To the Editor:
Dr. Richard Bone and colleagues recently published an article  [Targeting AMD with a Critical Carotenoid, March 2011] that claims benefits of meso-zeaxanthin, the non-dietary component of the macular pigment. Bone and Landrum discovered that meso-zeaxanthin was a constituent of the macular pigment in 1993. Meso-zeaxanthin (MZ) is not found in substances consumed in a typical diet. In a study published in 1986, Maoka et al. identified MZ in turtle fat, shrimp carapace and fish skin and did not detect MZ in foods that contain high concentrations of zeaxanthin such as corn and egg yolks.4 However, the extraction procedure used in this study may have in fact generated MZ as subsequent studies have failed to reproduce the Maoka results (EJ Johnson, Tufts/USDA, personal communication).

Currently, there are only three published human clinical trials and one conference abstract in which subjects were supplemented with MZ.1-3,5 These trials also included lutein and zeaxanthin in the treatment regimen as the synthesis of MZ produces a mixture of the three xanthophylls. The source, amount and ratio of these three xanthophylls varied in each of the four studies. Bone et al. state that “the L to MZ conversion can be augmented by supplementing the diet directly with MZ.” There is no published evidence that supports this statement. Three of the four trials evaluated macular pigment optical density (MPOD) as an endpoint, but any increase in MPOD cannot be attributed to MZ as any potential beneficial effect of MZ cannot be isolated from those conferred by lutein or dietary zeaxanthin. Additionally, as MPOD is a measurement of the total level of xanthophylls in the macula, there is no way to determine whether increases in MPOD were due to an increase in the conversion of lutein to MZ or enhanced deposition of MZ in the macula.

Finally, the available evidence suggests supplementation with MZ may actually hinder the uptake of lutein and zeaxanthin. All three published studies showed a decreased absorption rate of lutein and zeaxanthin into the blood stream, compared with results from other studies that supplemented subjects with lutein and/or zeaxanthin alone at comparable levels, suggesting that MZ might actually impair the body’s ability to absorb lutein and zeaxanthin. For example, one study showed that MZ was less bioavailable than dietary zeaxanthin since dietary zeaxanthin was 2.6 times better absorbed than MZ.5 Epidemiology studies from 1993 on have supported a role for lutein and dietary zeaxanthin in eye health. This led to the NEI launching the AREDS-2 trial with just these two pigments. The safety of lutein and dietary zeaxanthin has been reviewed numerous times by the FDA in response to, e.g., New Dietary Ingredient notifications and Generally Recognized as Safe notifications from various manufacturers seeking to use these ingredients in dietary supplements and conventional foods. In contrast, the public record reflects no such safety submissions and FDA response for meso-zeaxanthin.

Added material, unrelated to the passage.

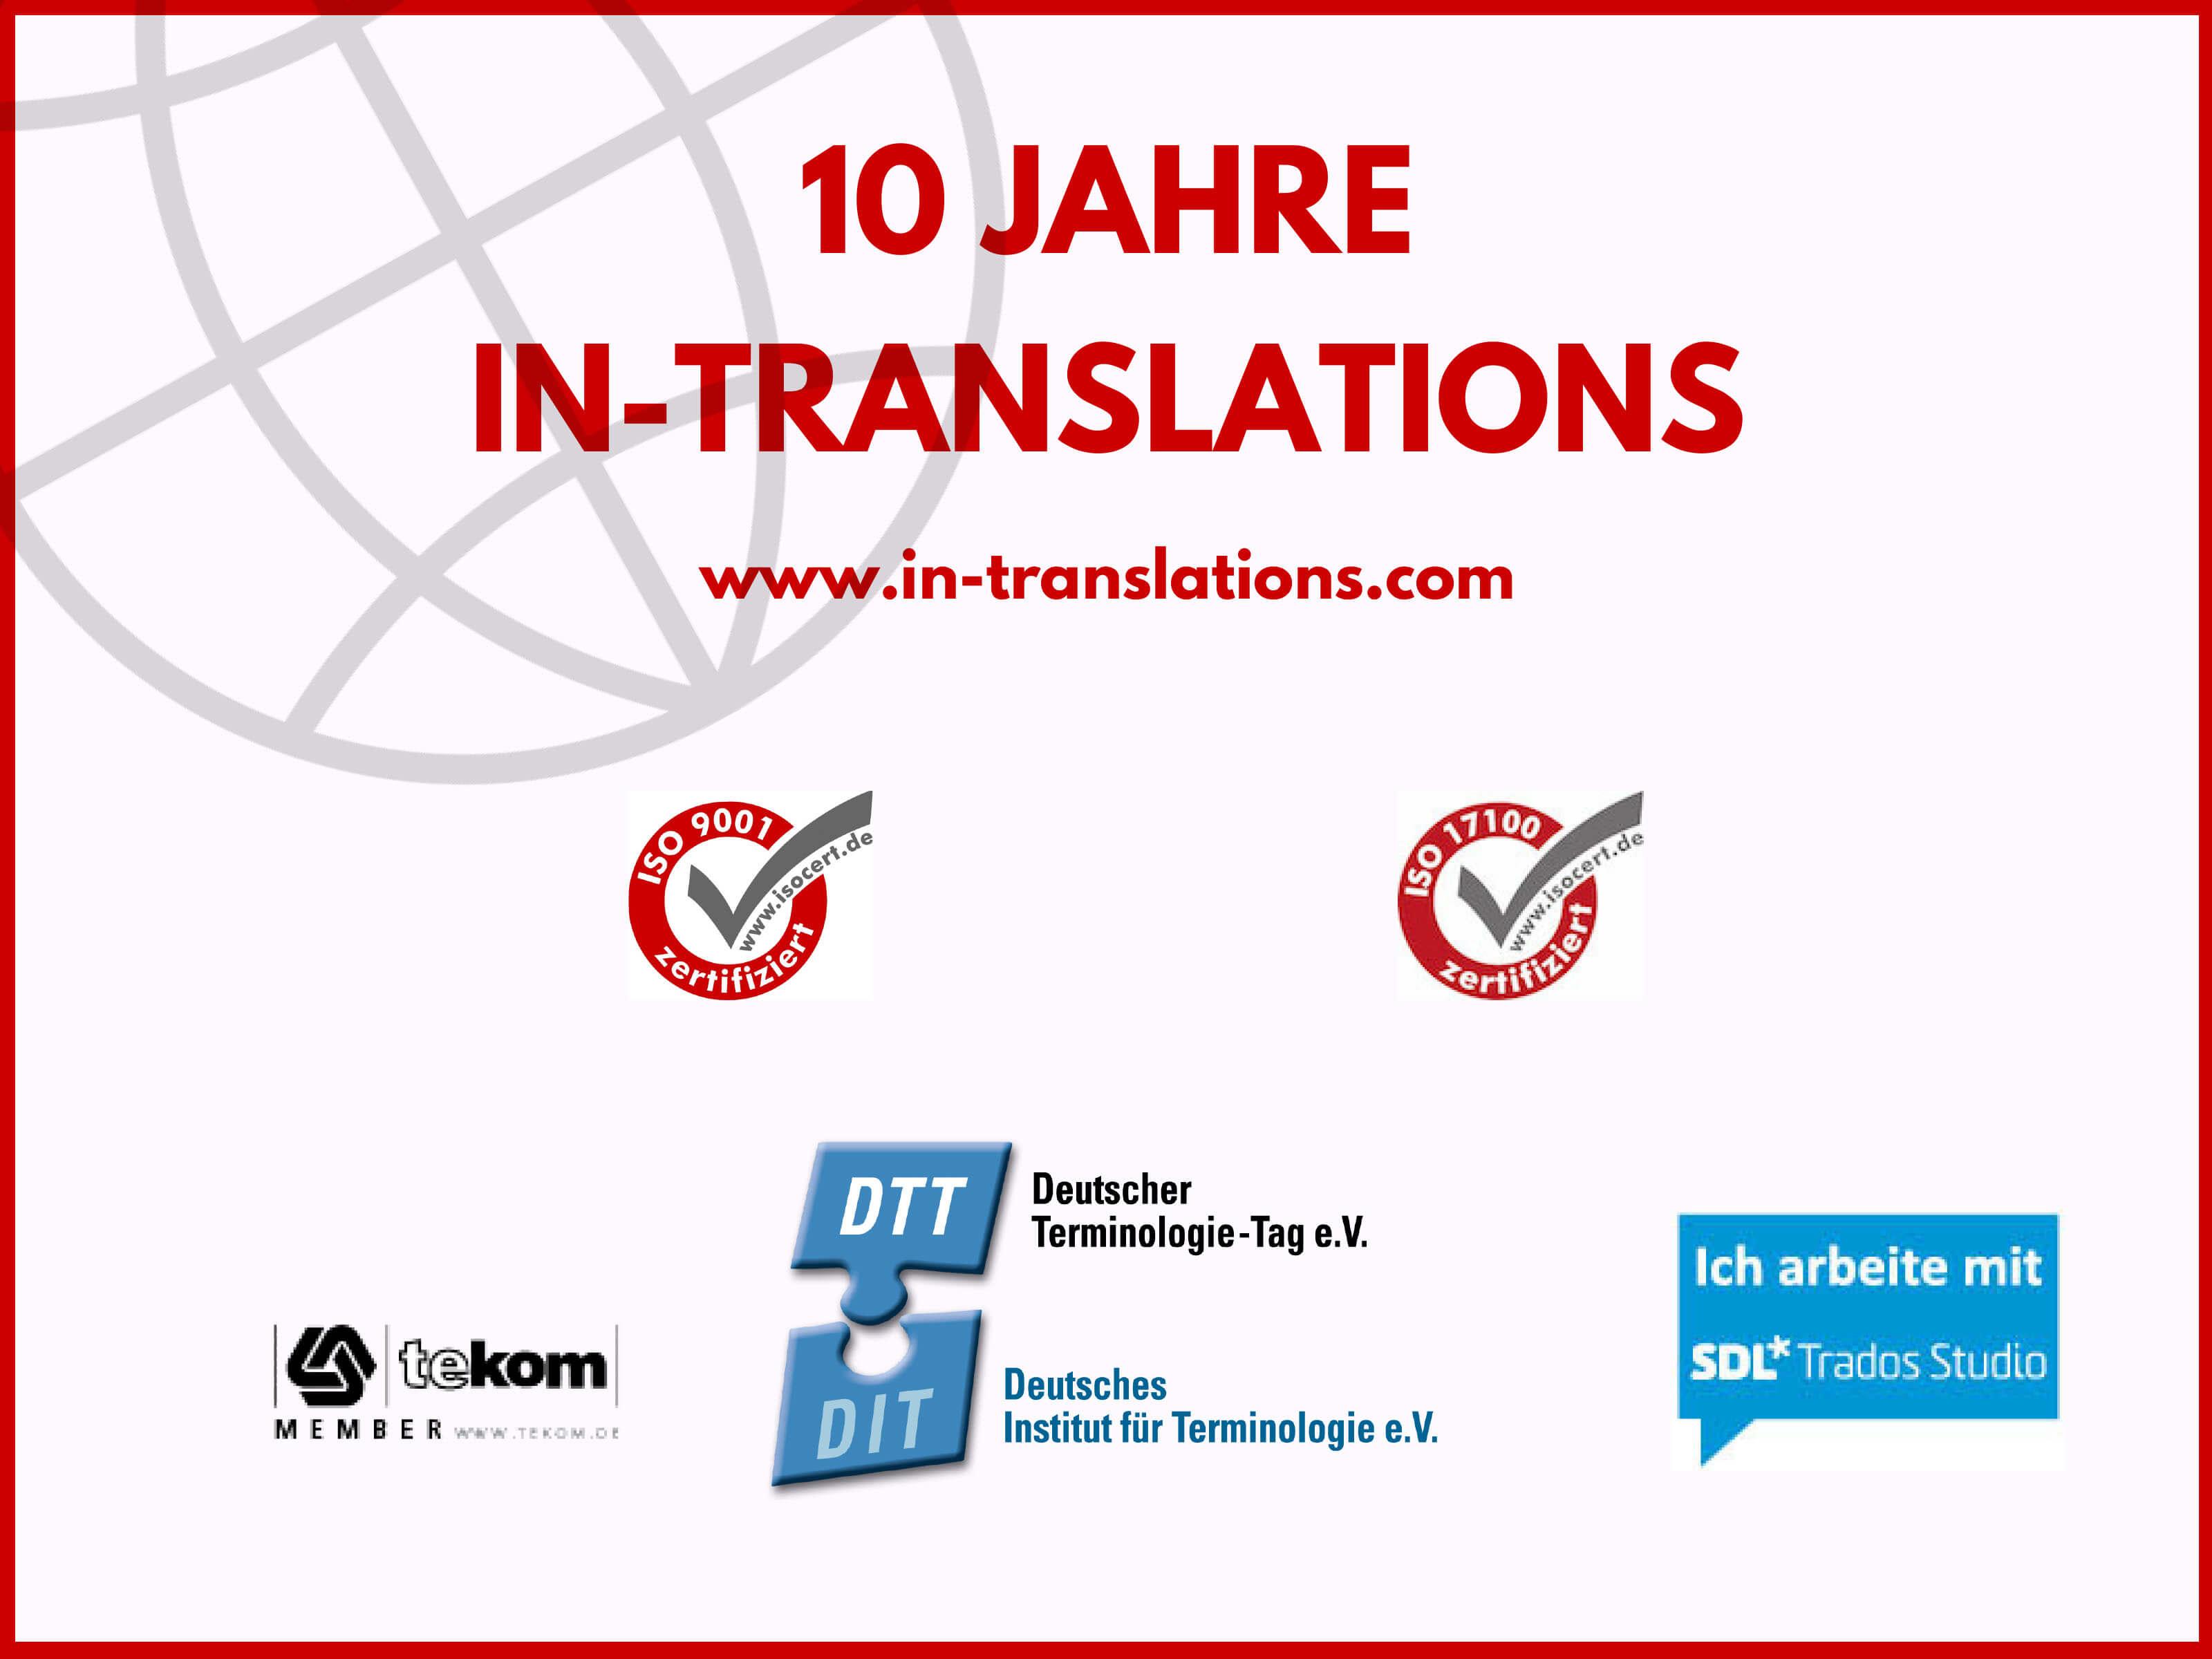 Firmenjubiläum bei IN-TRANSLATIONS

Eye-care professionals should proceed with caution when considering whether to recommend a supplement containing meso-zeaxanthin. As MZ is not consumed in the diet and is the result of a biotransformation of lutein in the macula, there is no evidence that the body either needs or deposits exogenous sources of MZ. The human clinical literature is limited and does not provide competent and reliable scientific evidence that supports a benefit of MZ for eye health.

Diane E. Alexander, PhD

Des Moines, Iowa
 
Dennis Gierhart, PhD
 
Chesterfield, Mo.
 


Dr. Alexander is the technical service manager at Kemin Health, L.C., a lutein manufacturer, and Dr. Gierhart is chairman and CSO of ZeaVision, LLC, a company that sells eye supplements and optical measuring devices, and holds patents on dietary zeaxanthin.



1. Bone RA. Macular pigment response to a supplement containing meso-zeaxanthin, lutein and zeaxanthin. Nutrition & Metabolism 2007:4.
2. Connolly EE, Beatty S, Loughman J, and Nolan JM. Meso-Zeaxanthin Ocular Supplementation Trial: MOST (Abstract). Invest Ophthalmol Vis Sci 51: E-Abstract 514, 2010.
3. Connolly EE, Beatty S, Thurnham DI, Loughman J, Howard AN, Stack J, and Nolan JM. Augmentation of macular pigment following supplementation with all three macular carotenoids: An exploratory study. Curr Eye Res 2010:35:335-351.
4. Maoka T, Arai A, Shimizu M, and Matsuno T. The first isolation of enantiomeric and meso-zeaxanthin in nature. Comp Biochem Physiol B 1986:83;121-124.
5. Thurnham DI, Tremel A, and Howard AN. A supplementation study in human subjects with a combination of meso-zeaxanthin, (3R,3’R)-zeaxanthin and (3R,3’R,6’R)-lutein. Br J Nutr 2008: 100;1307-1314.



Authors’ response:
Dr. Alexander and Dr. Gierhart have commented on our article “Targeting AMD with a Critical Carotenoid” on a number of specific points.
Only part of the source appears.